Let’s face it – homeownership is one of the greatest things in the world. There’s really nothing that beats having a place to call your own. But realistically speaking, not everyone can afford to purchase their own home in today’s market. More and more people are actually thinking about building a custom home. While it definitely takes more effort, in the long run, it turns out to be far less costly than buying a premade home. That’s why you may want to think about building one of your own, if you’re thinking about homeownership. However, as with most such projects – there are many costs people don’t think about. And we’ll tell you about them right here!
Soil test and contour survey
So, you’ve decided that building a custom home is the right idea for you. That’s great, because there are many benefits to having your own custom home. First and foremost, you get the ability to model your home exactly to your needed specifications. And sure, even when you’re buying a home that’s already built, you can tailor it to your preferences. But realistically speaking, constructing it yourself is just way better in terms of freedom of choice. However, as we’ve mentioned above – there are quite a few costs you need to think of. That means you’ll have to learn more about moving costs, but also the expenses that come from the construction itself.
For example – while you might design the home, chances are you won’t build it with your bare hands. You need to hire a construction company or a team of builders. But as you’ll soon see, once you start browsing for such companies – you’ll first need to get a quote from them. And before that happens, they’ll likely have to perform soil and contour tests. Unfortunately, these are not free. They can cost you from $1,000 to $2,000. Plus, depending on the type of your soil, you may have to pay extra costs – if you’re building on rocky soil, for example. And that’s not even saying anything about attempting to build on a slope.
As we said above, building a custom home is great, but you have to be prepared for a constant influx of costs. And that’s why you should make a construction budget with an allowance for sizable operating costs. After you’re done with the soil and contour tests, for example, you’ll start dealing with building site costs. Unfortunately, giving you an estimate on these is pretty tough, because your onsite costs can vary quite a lot.
There are a lot of factors that go into this, not in the least the results of your soil and contour tests. Really, there’s no telling how much you could pay in this regard – anything from $10,000 to $60,000. And we’re not just talking about the expenses of building on a slope. People who want to construct their own homes should also think about the costs of connecting utilities, such as sewage, electricity, gas, water, etc.
When you start building a custom home, remember one crucial thing – you have to take care of everything yourself. People who have never constructed a home before often don’t think about all of the minor details that go into such a project. But once you get into it, you’ll see just what kind of dedication and financial sturdiness it takes for you to construct a house from the ground up.
To give an example – flooring is something many people don’t think about. After all, you have to consider what you’ll walk around the house on. Remember to include flooring in the building quotes you get from contractors. As for specific suggestions, it’s all really a matter of style and preferences. In some spaces, tiles are a good idea, while floorboards or carpeting might suit you better elsewhere.
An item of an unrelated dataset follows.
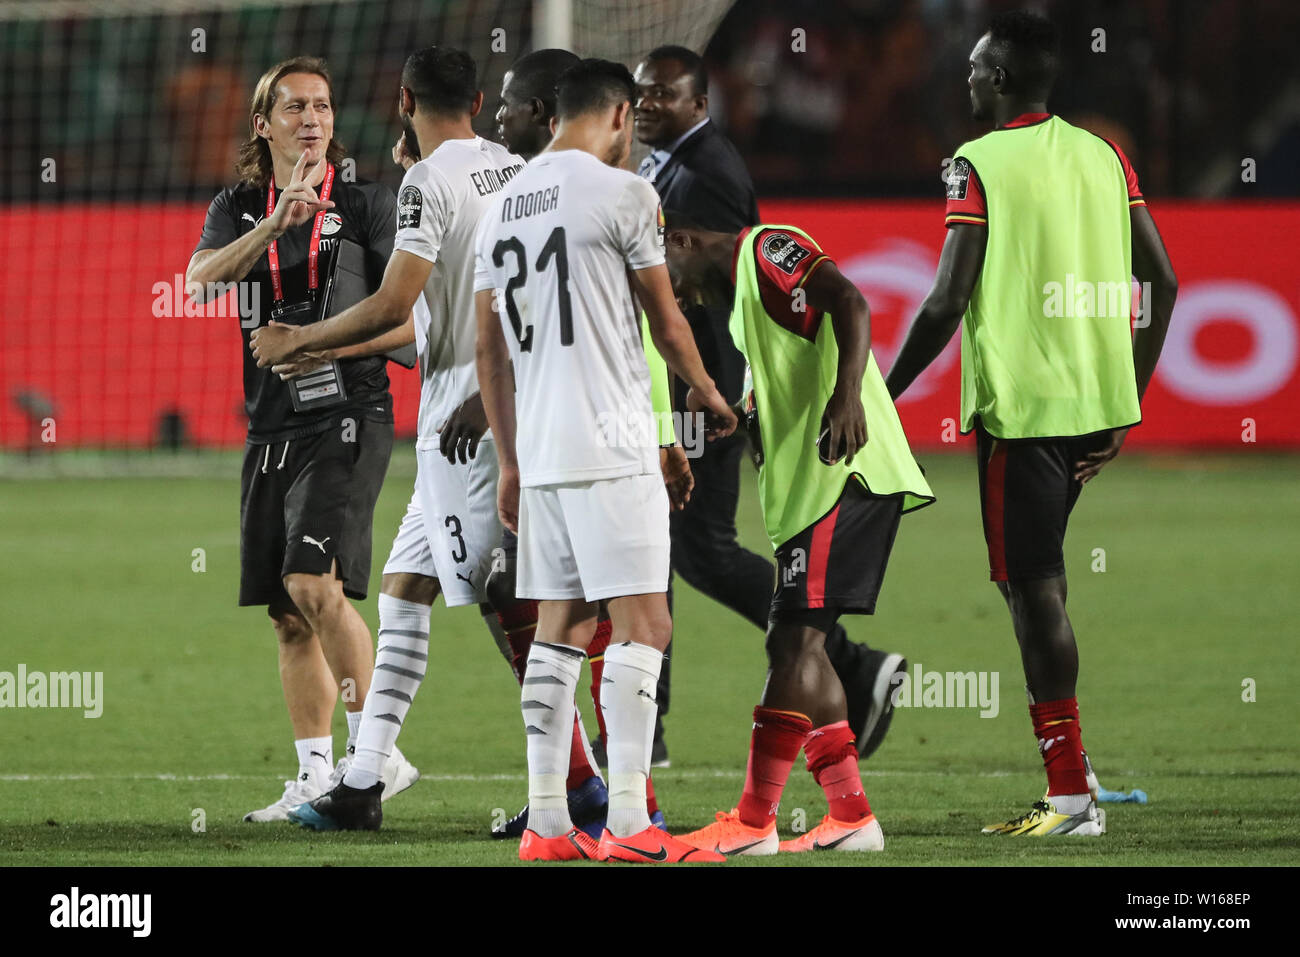 Cairo, Egypt. 30th June, 2019. Egypt assistant coach Michel Salgado greets players after the final whistle of the 2019 Africa Cup of Nations Group A soccer match between Egypt and Uganda at Cairo International Stadium. Credit: Omar Zoheiry/dpa/Alamy Live News Stock Photo
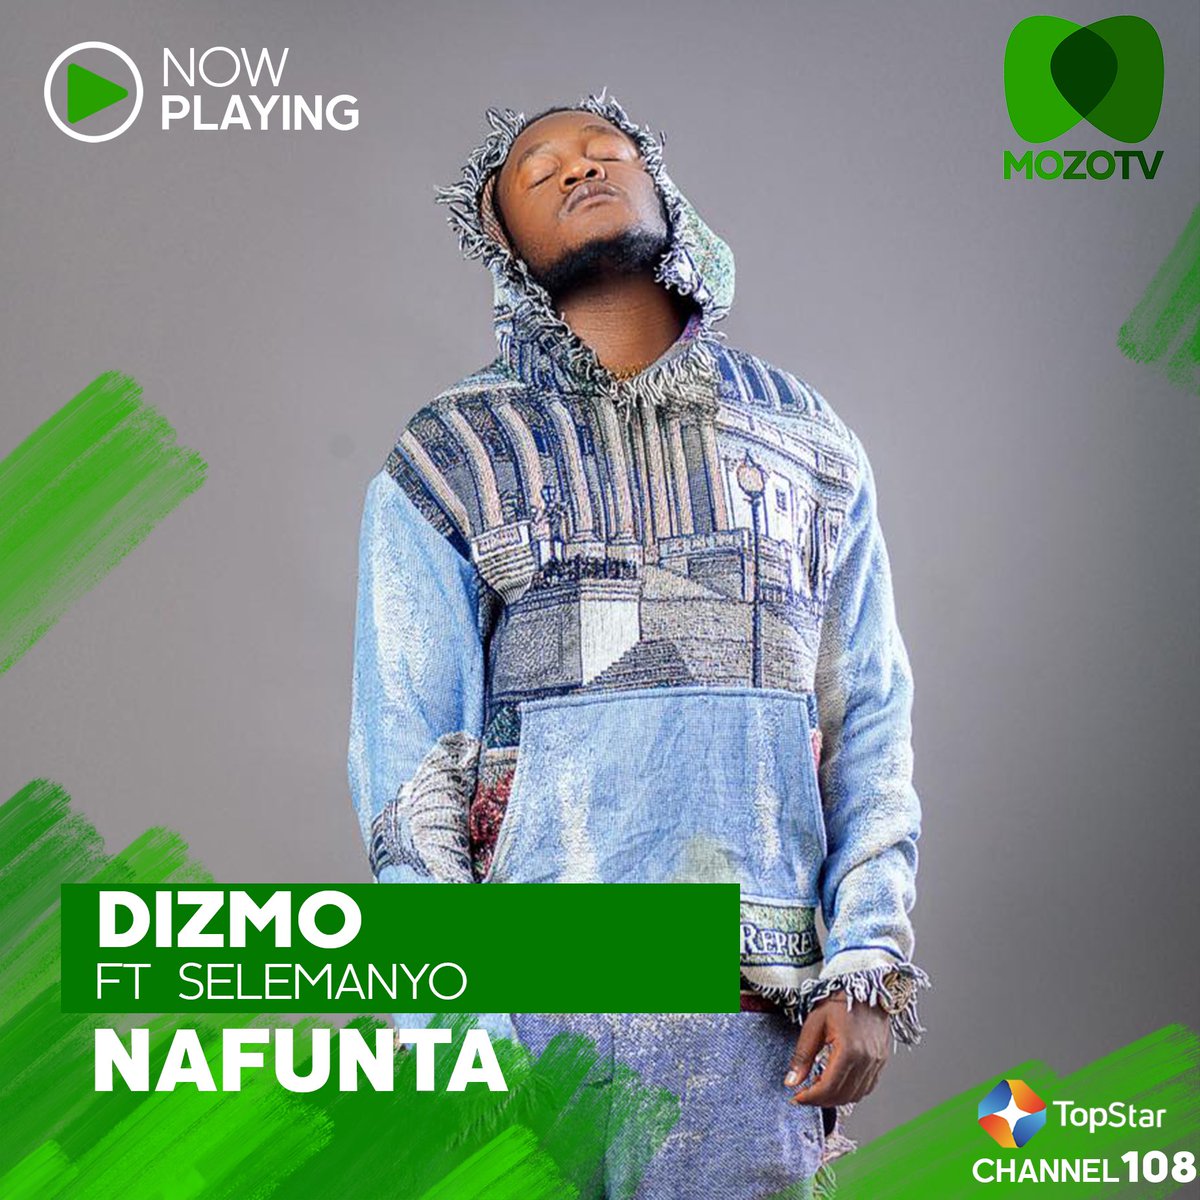 Dizmo ft Selemanyo- Nafunta 💃 #NowPlaying Tune In Now! TopStar Channel 108 and 544 on DTH (Dish)💚 Also, install the Startimes APP via the link below 👇🏾: play.google.com/store/apps/det…... #ARefreshingExperience #NowPlaying

But choose your materials carefully, as you’ll be spending at least $10,000 on them.
Once you get your first building quotes from contractors, you’ll realize one crucial thing – many of these might not include some elements of your home’s exterior. Indeed, most quotes actually only include the dwelling you’ll be living in itself, without the additional elements. That means, for example, that you’ll have to construct your driveway separately and pay for it additionally. Here though, the amount of expenses you’ll be incurring depends entirely on your personal tastes.
You can probably get a driveway done cheaply, or you can get an extremely expensive one done for much more money. If you want to save up for a good driveway though, think about not doing one right at the start. You could cheaply make a DIY driveway yourself for the time being, and then save up for a good concrete one.
Once you get into the process of building a custom home, you need to realize something – having a good plan right from the get-go is important. Why? Because when we talk about the hidden costs of constructing a home yourself, the biggest one is definitely change. If you make any changes to your construction plan, you’ll be dealing with all kinds of additional costs. There might be legal costs to change your contract, as well as costs pertaining to penalty clauses if such exist. Plus, that also means extra material costs.